Es una parte de lo que soy, claramente eso se filtra, y también aparece porque había un montón de imágenes pero no sabía cuál era el tono de la obra. Algo indica a veces que pueden ser científicos, niños, filósofos, porque ven las cosas de manera distanciada. Eso había que desentrañarlo, porque la actuación podría haber sido completamente distinta. Aparece mi maestría en teatro, porque hay distintos grados de teatralidad. Tenés una realidad que es la de los capturadores y eso me pareció importante que quedara claro: son investigadores, es gente a la que le pagan para hacer eso y que tiene turnos y un protocolo. Ahí aparece mi trabajo en el Departamento de Cultura, cuando uno empieza a trabajar sobre las políticas públicas; eso me aportó una mirada.

¿Incluís la disciplina del cuerpo?

Totalmente. Tienen un entrenamiento especial, eso lo tuvimos que encontrar. Yo tenía la imagen de que saltaban como en camas elásticas; hay una cuestión deportiva fuerte, pero las camas las eliminamos, sí se mantienen los saltos. Trabajé con el viewpoints, que es un método de composición de Anne Bogart, y el punto de partida que usa no es psicológico sino de las variables de tiempo, duración, espacio, proxémica, o sea de que todo lo que me rodea, todo lo que pasa en el escenario, es información que me puede transformar.

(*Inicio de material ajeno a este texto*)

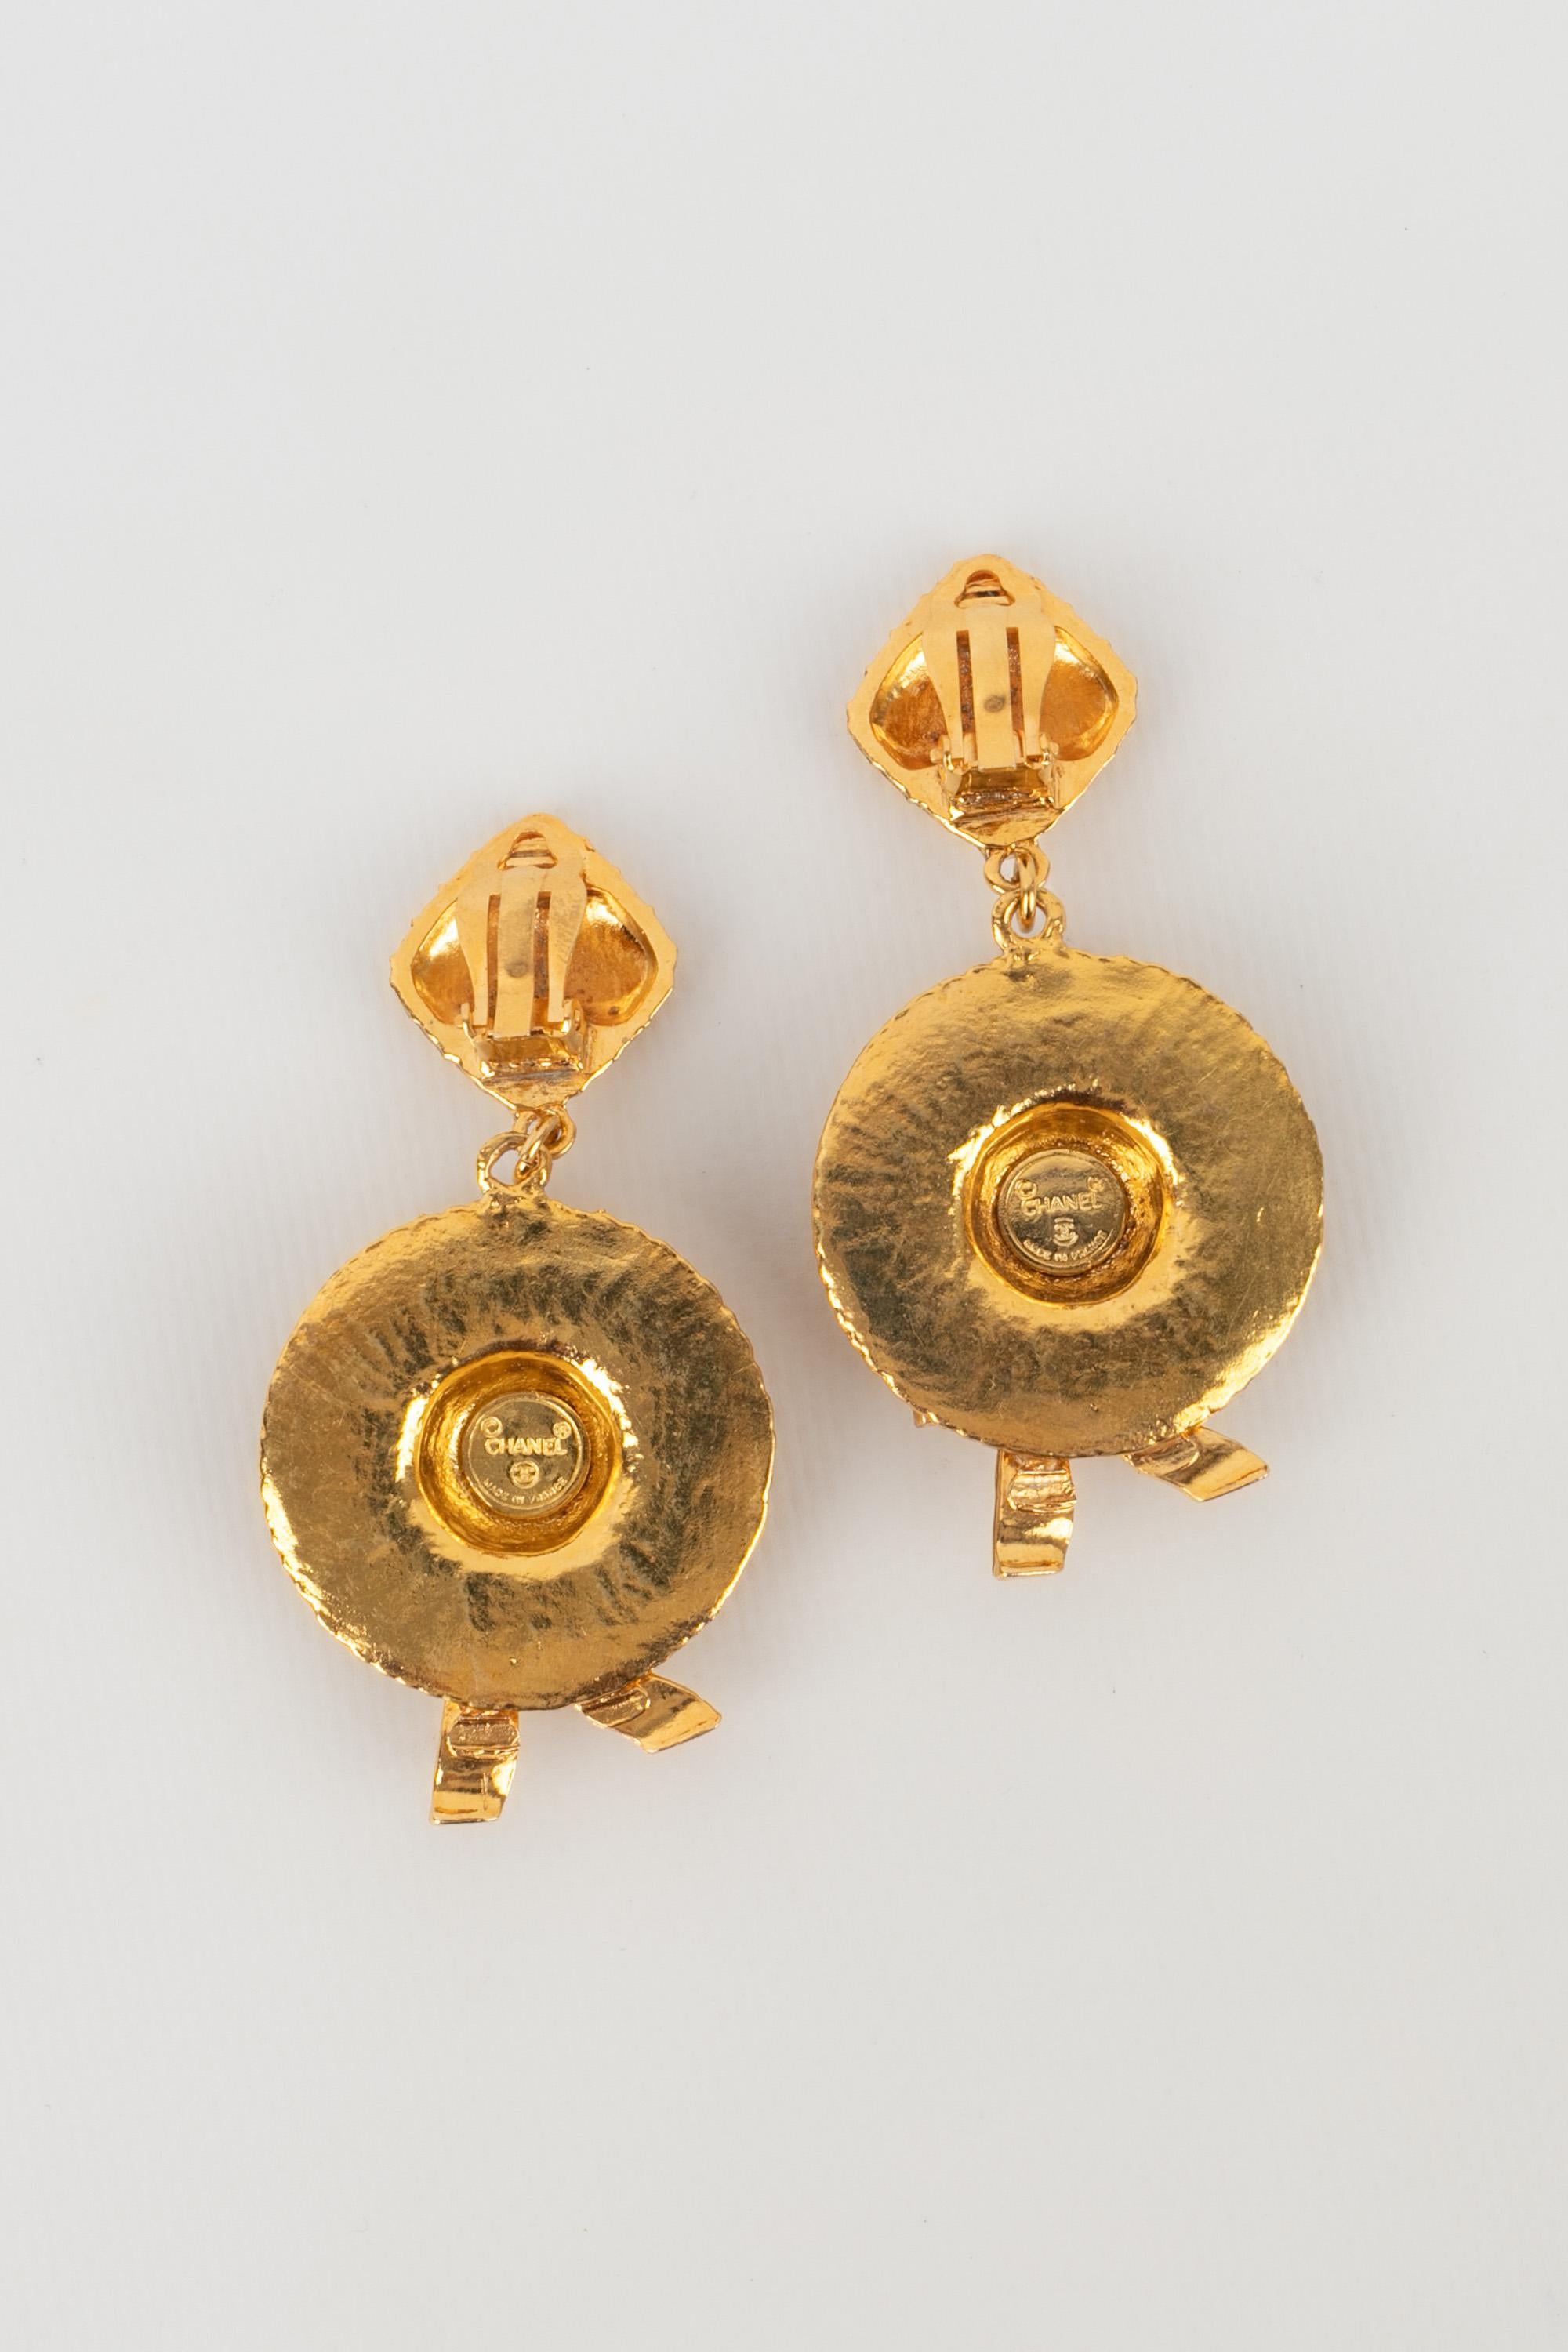 Chanel golden earrings In Excellent Condition For Sale In SAINT-OUEN-SUR-SEINE, FR

Es de gran escucha con el cuerpo y es súper formal.

La tundra y la taiga, escrita y dirigida por Sofía Etcheverry. Funciones: 14, 15, 20, 21, 22, 27, 28 y 29 de marzo; 3, 4 y 5 de abril a las 21.30 horas en la sala Zavala Muniz del teatro Solís. Elenco: Leonor Chavarría, Micaela Gatti, Lucía Persichetti, Franco Pisano, Alejandra García y Gerónimo Pizzanelli. Localidades: $350 (2x1 Comunidad la diaria).